• _Required action_
Pictures stay out of the copy. Retype exactly the lines below from the one with "Erlebe die Thrustmaster Airshow 2 live" through the one with "Casula Liturgica mariana".

• _Supplied material_
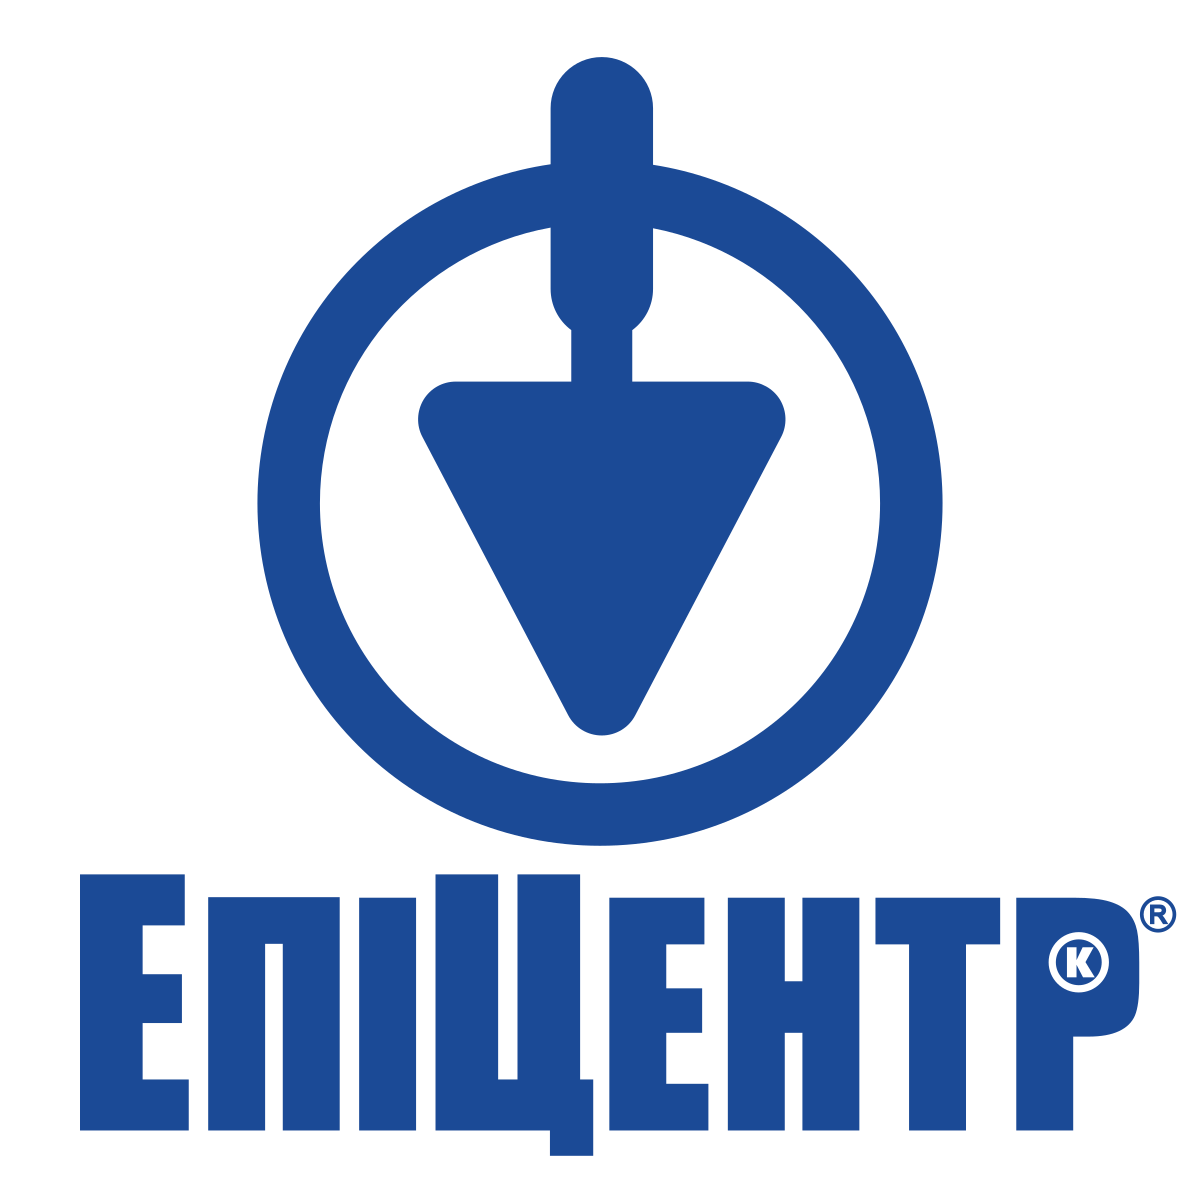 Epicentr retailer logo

--

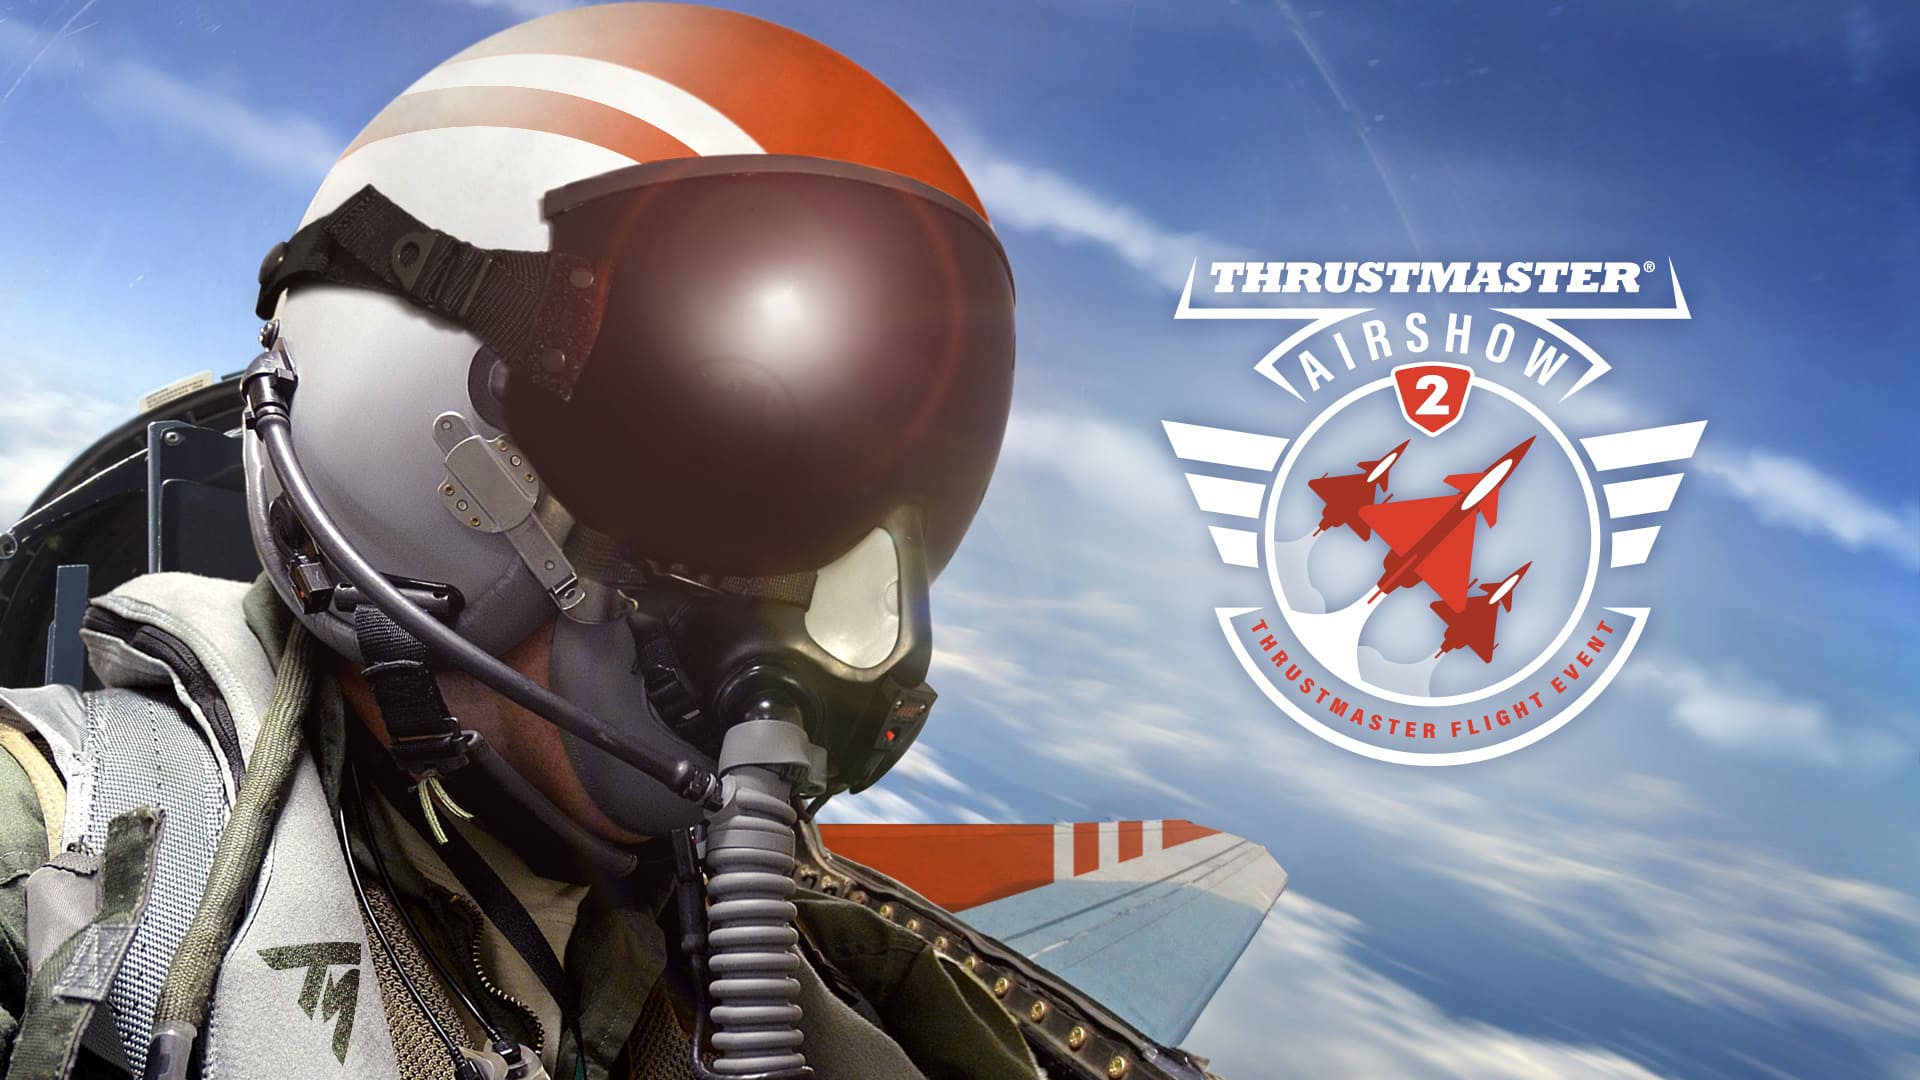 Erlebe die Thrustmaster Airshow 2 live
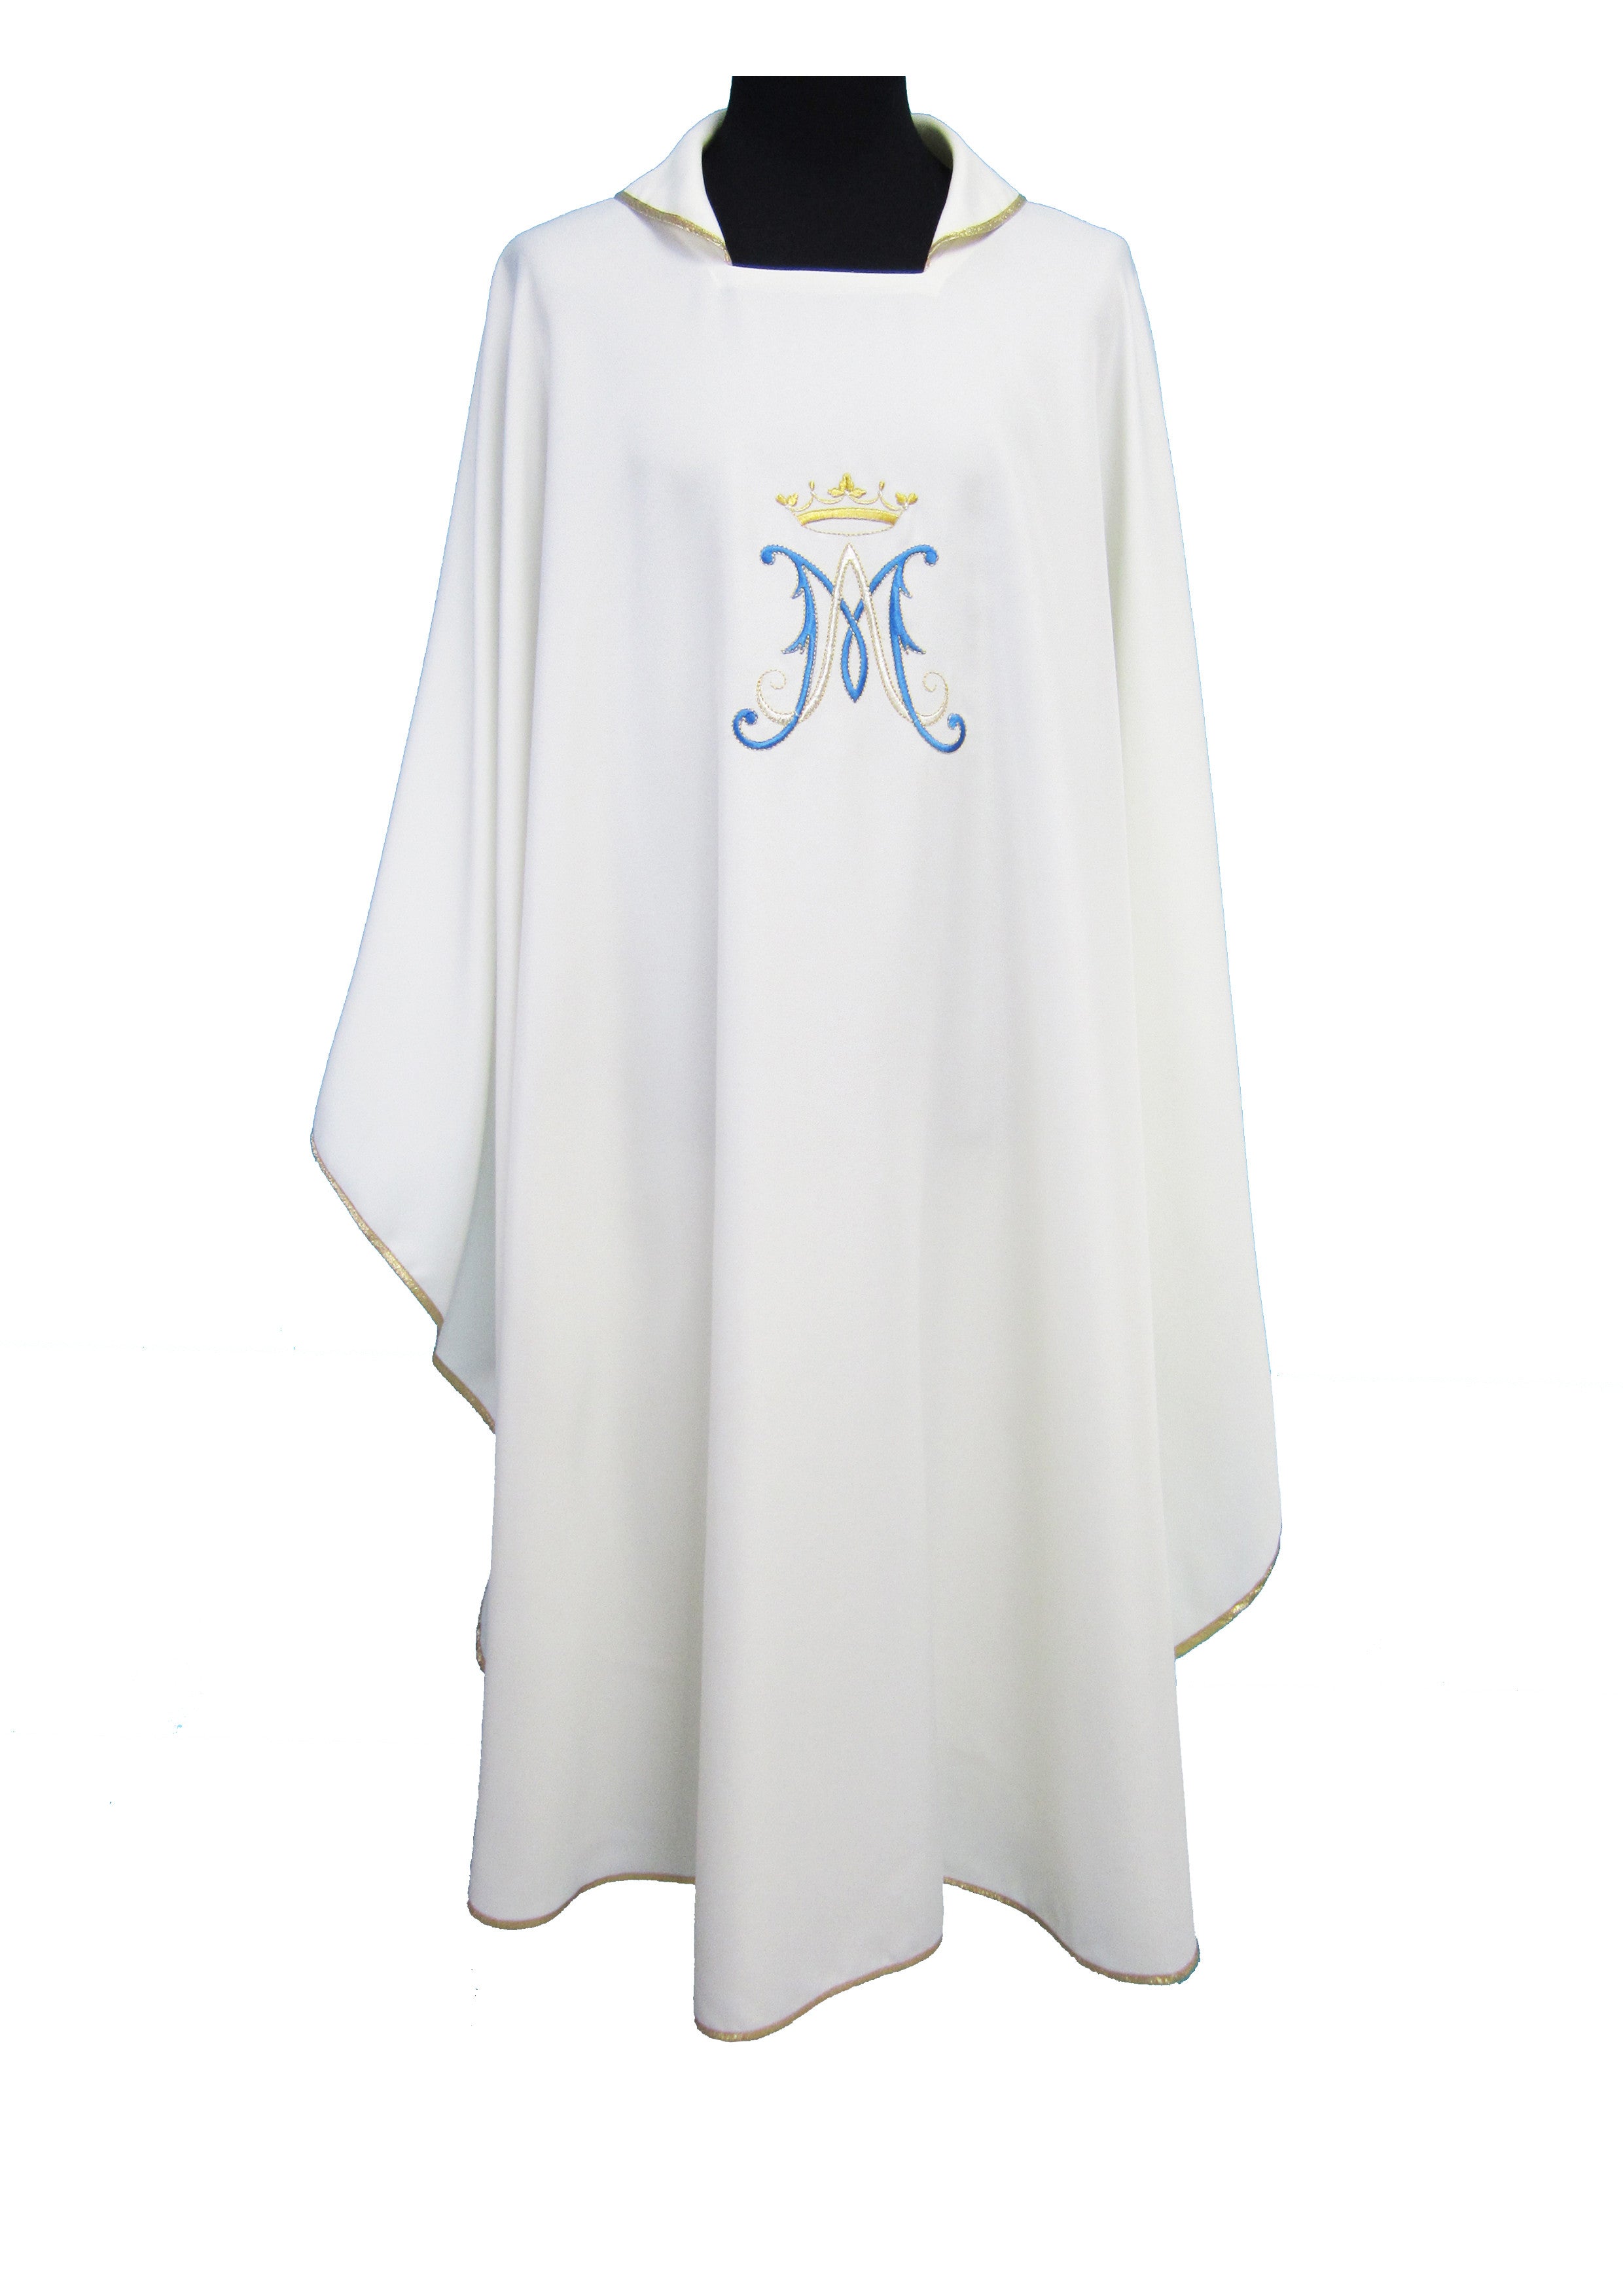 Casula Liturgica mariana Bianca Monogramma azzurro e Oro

• _Exercise answer_
 Erlebe die Thrustmaster Airshow 2 live
 Casula Liturgica mariana Bianca Monogramma azzurro e Oro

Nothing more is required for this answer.